The second intervention is an informed user: someone who knows the chatbot might be sycophantic and tracks two things at once during the conversation, both the underlying truth about H and how sycophantic the bot itself appears to be, updating both estimates from the same stream of bot responses. As the bot's pattern of responses starts to look biased, the user learns to discount its statements accordingly. This helps substantially: the spiraling drops by roughly 40-fold between the naïve and informed conditions. Despite this, spiraling is not eliminated. The reason, and this is the part worth understanding, is analogous to what Kamenica and Gentzkow (2011) called Bayesian persuasion: a prosecutor can raise a judge's conviction rate even when the judge knows the prosecutor presents only supporting evidence, because the judge cannot simply refuse to update on real evidence. This is quite interesting, as the intervention helps a lot, especially in high sycophancy rates. It's not quite as good as a completely non-sycophantic bot, and something even more interesting happens when the bot has low sycophancy rates. If the bot is occassionally sycophantic (𝜋 < 0.6), users can get tricked more often into spiraling, as the user does not learn to disregard the chatbot due to sycophancy. Finally, even combining both approaches of informed users and factual bots still gives rise spiraling, as long as there is some sycophancy in the model.

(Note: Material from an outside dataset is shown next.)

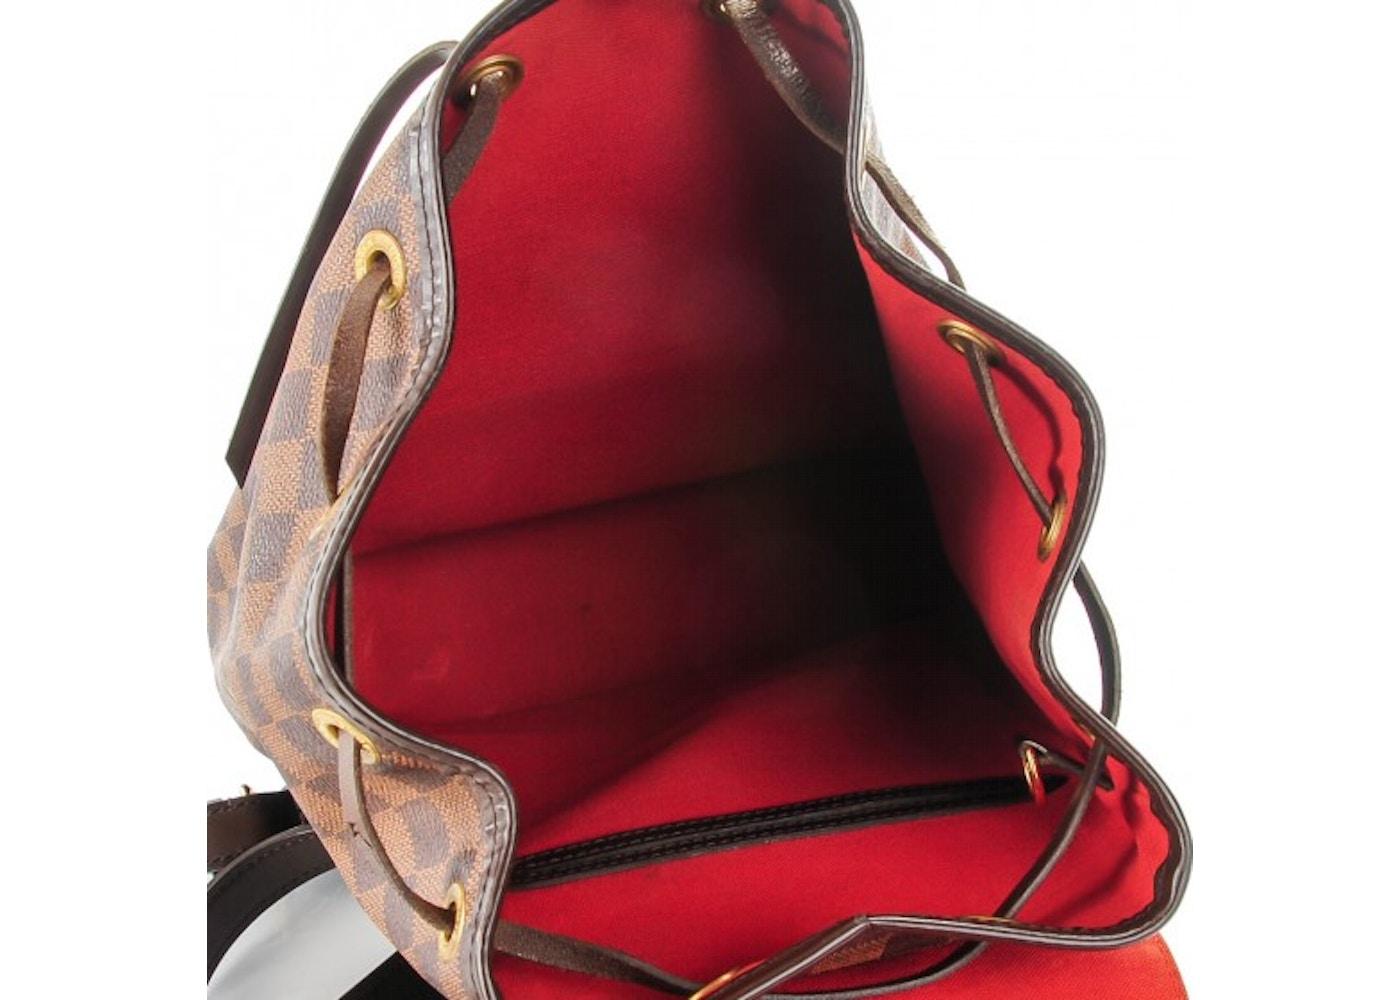 a20ee7743ce6 Louis Vuitton Montsouris Backpack Damier Ebene MM Brown

Since this is a theoretical model, it can only provide estimates and bounds of different situations. Some things are worth wondering about that the paper doesn't fully address. My main question is how social interaction with other humans would affect the spiraling. The model assumes the user is isolated with the chatbot as their sole source of information, but real users can fact-check, talk to people they trust, and encounter social pushback when their views become unusual. Would adding even occasional outside correction in the form of small nudges towards the truth change the dynamics? Although, to be fair: the cases that end up in the news often involve periods of social isolation, which suggests the model's worst-case setup may be more realistic for the cases that actually cause harm, even if it doesn't describe average chatbot use.

What can we learn

On the bot side, eliminating hallucinations is clearly not enough. A bot constrained to only report true information can still cause spiraling if it selects which true information to report based on what the user wants to hear. Addressing sycophancy means changing the optimization target of the bot, not just adding a fact-check layer. How companies will deal with this, when they're building in some sycophancy in training for and are financially incentivized to leave in some sycophancy, is still a question to me.

On the user side, it turns out information about sycophancy is incredibly useful, but not perfect. The ~40-fold reduction in spiraling for informed users is gigantic. While it means that many cases of spiraling can be prevented through information, it still requires the user to be a rational Bayesian, and even then this strategy can fail. One point the authors want to make is that delusional spiraling should not be understood as purely a symptom of irrational or vulnerable users. The model shows it can emerge from perfect Bayesian reasoning given a sycophantic information source. On top of that, real people are probably worse at reasoning than ideal Bayesians in many ways. My suggestion, outside of altering how these bots work fundamentally, would be to implore using as many external sources as possible, whether other humans, or at least a quick search outside of the chat window.